The Right Word

a plate of spaghetti with meat and tomato sauce

Searching the other day, not for anything lost, but for something I could not find, I slowed enough to allow clarity to answer my search. I’ve done my best to remind myself as age intrudes I do not have a memory problem. I have a retrieval problem. On this day, retrieval seemed more problematic than usual.

This strain to retrieve imitates the sense one has having heard of a far off country, but not having visited, and can only imagine its described splendor through magazines and pictures. There might be some similarity to familiar surroundings, but without the local language and culture, the smells and sounds, the “joie de vivre” one gets by being there is lost.

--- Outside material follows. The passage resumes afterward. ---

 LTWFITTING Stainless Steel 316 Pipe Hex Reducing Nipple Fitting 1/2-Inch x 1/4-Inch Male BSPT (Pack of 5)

Poetry drives a similar curiosity. A well-constructed poem elicits for the reader all those relatable shared memories and experiences. A good poet by elevating the mundane brings to mind tangible and intimate truth and says it through careful construction. But for all the good words on the page, a good poem comes to life not for what’s printed, but for the words erased, discarded and left to evaporate in the poet’s mind. The real truth is between the words, the wondering of meaning emanating from the void. We can never fully comprehend, only surmise.

Bringing the idea closer, more guttural, I would rather be in the kitchen with spaghetti sauce simmering and the noodles boiling, seeing the table set and the bread coming out of the oven than looking at a picture or watching a cooking show describing the process. To this simple Southern boy, it just ain’t the same. Just let me eat.

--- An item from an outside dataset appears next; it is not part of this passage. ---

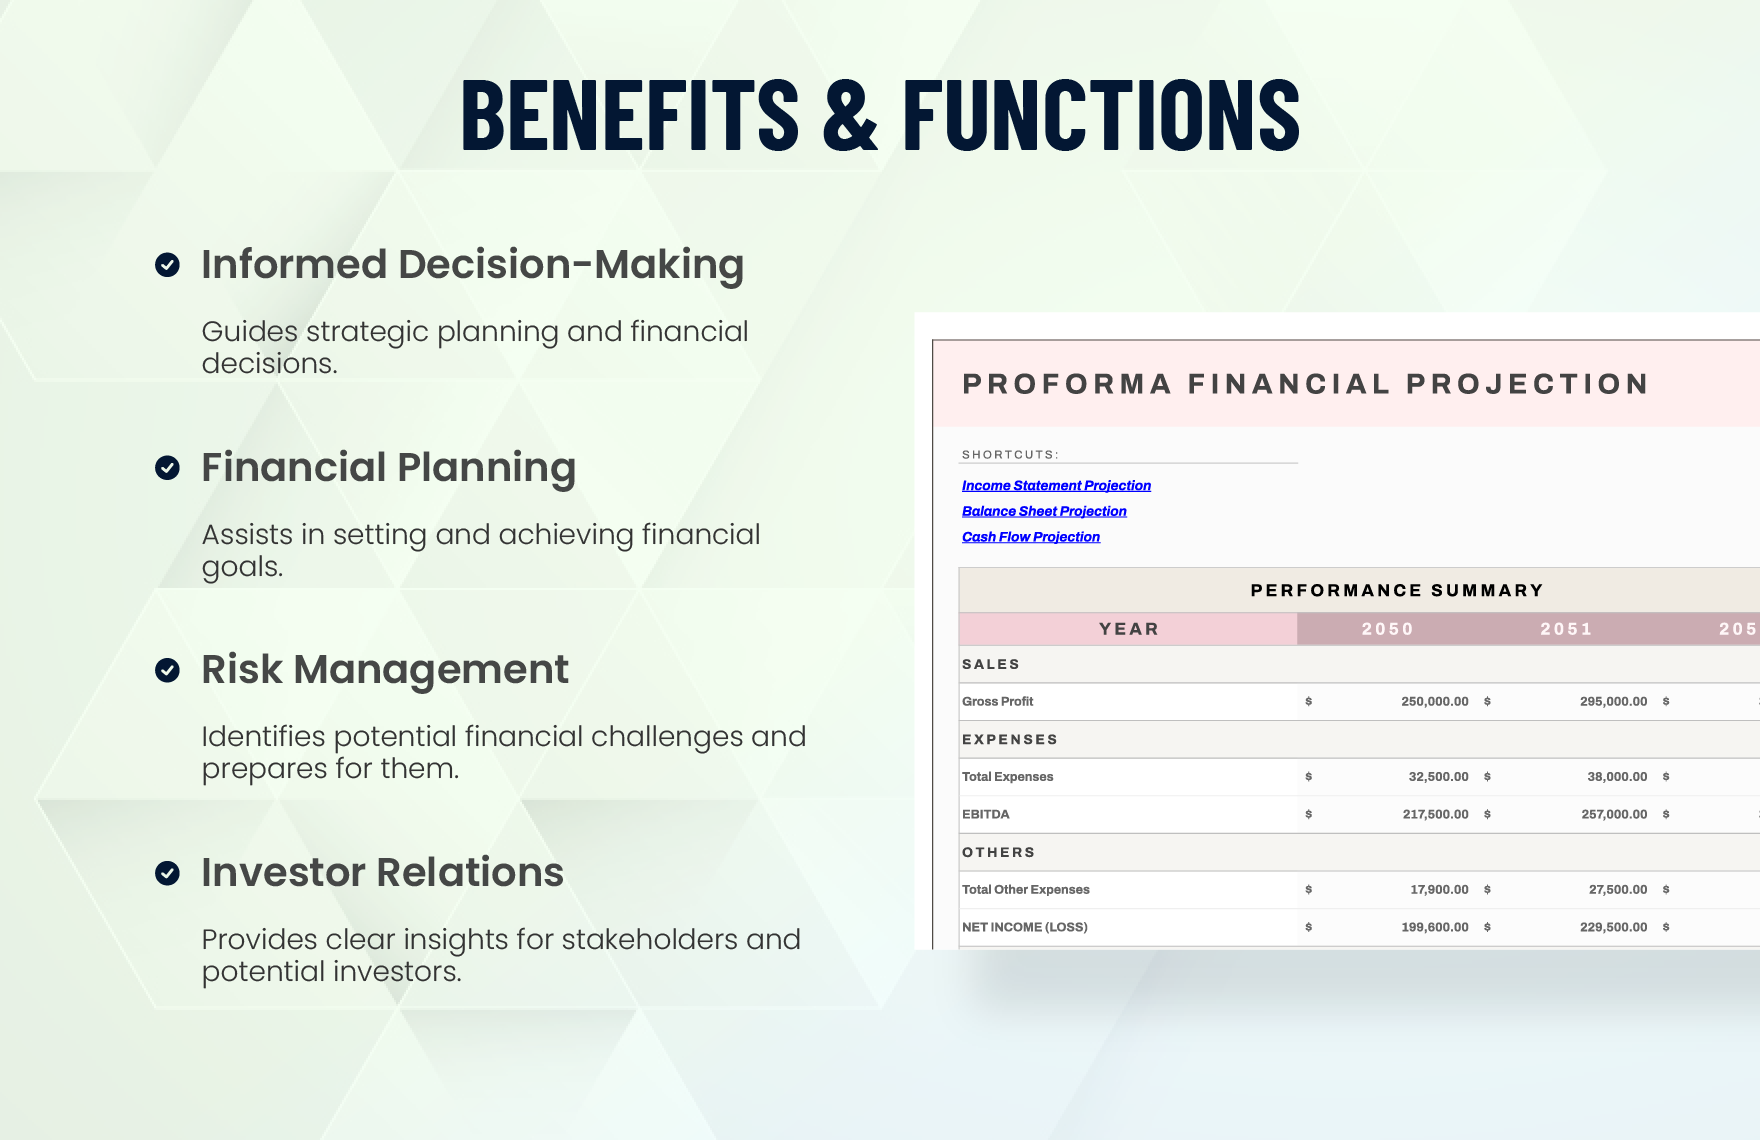 Proforma Financial Projection Template

Not lost to me, in my search I could not find the right word. The sense of it all was there, but I needed a word to transpose that sense into conciseness. Looking for the right one can be difficult, especially to a diction-challenged writer. Sometimes the Word has to come when not looking, when quiet and unsuspecting, rising into consciousness as though suddenly tapped on the shoulder from behind. And then, all is clear.

When the Word came, my burden lifted, the air freshened, the sun burned away the fog and everything appeared as if it had always been that way. In a burst of light, my angst faded.

“In the beginning was the Word, and the Word was with God, and the Word was God. He was in the beginning with God. All things were made through Him, and without Him nothing was made that was made. In Him was life, and the life was the light of men. And the light shines in the darkness, and the darkness did not comprehend it” (John 1: 1-5).

Maybe the Word was looking for me.

Maybe the sense I felt reflected that Word all along.

Maybe the Word I needed was there all the time.

“For the Son of Man came to seek and to save the lost” (Luke 19:10).